LONDON — Sex & Censorship, a U.K.-based free speech and sexual freedom group, announced that its “online day of action” held yesterday received significant mainstream attention.
Besides inundating Twitter with its hashtag #CensoredUK, the campaign received a nod from The Telegraph, in an article citing the “hidden costs” of introducing porn filters in the U.K.
Dr. Brook Magnanti wrote in her op-ed, “The #CensoredUK hashtag, spearheaded by the Sex and Censorship group, has been drawing attention to some of the unexpected sites that end up being blocked when Internet providers buckle to government demands to censor ‘adult content.’”
Sex & Censorship had urged supporters to use the #CensoredUK hashtag on Twitter, Facebook and other social media platforms as a collective stance against further online censorship by the government.
Launched late Wednesday night, Sex & Censorship said regular tweets were being made on the campaign’s behalf by Thursday morning. By Thursday afternoon, the hashtag was trending in London and across the U.K.
The online day of action was scheduled to coincide with U.K. media regulator ATVOD’s conference “For Adults Only? — protecting children from online porn,” which Sex & Censorship Founder Jerry Barnett had openly criticized. The conference took place yesterday in London.
SexAndCensorship.org’s latest blog post reiterated its criticism of ATVOD, and offered a short recap of the conference.

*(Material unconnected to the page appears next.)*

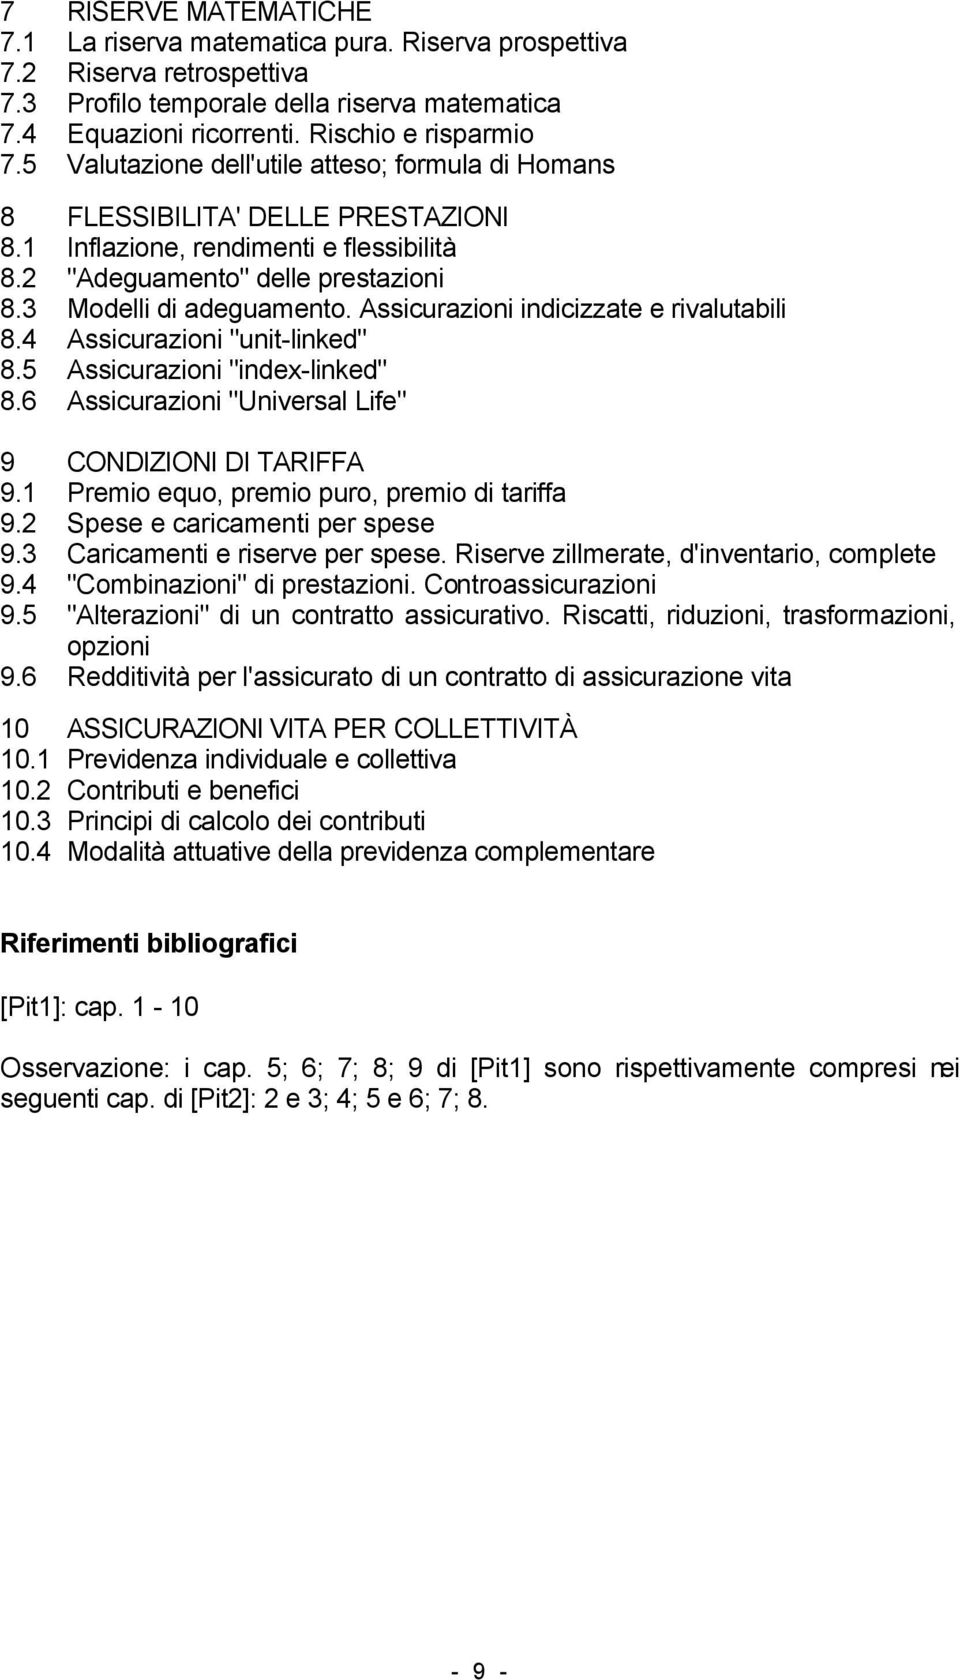 Assicurazioni indicizzate e rivalutabili 8.4 Assicurazioni "unit-linked" 8.5 Assicurazioni "index-linked" 8.6 Assicurazioni "Universal Life" 9 CONDIZIONI DI TARIFFA 9.

“We heard a series of hysterical claims about the effects of pornography, but were offered no evidence to back them,” the blog post said.
It continued, “We live in an increasingly safe society, but a coalition of campaigners want to convince us that thing are getting worse. A rising moral panic is under way; the purpose of the Sex & Censorship campaign is counter those messages and replace hysteria with evidence-based thinking.”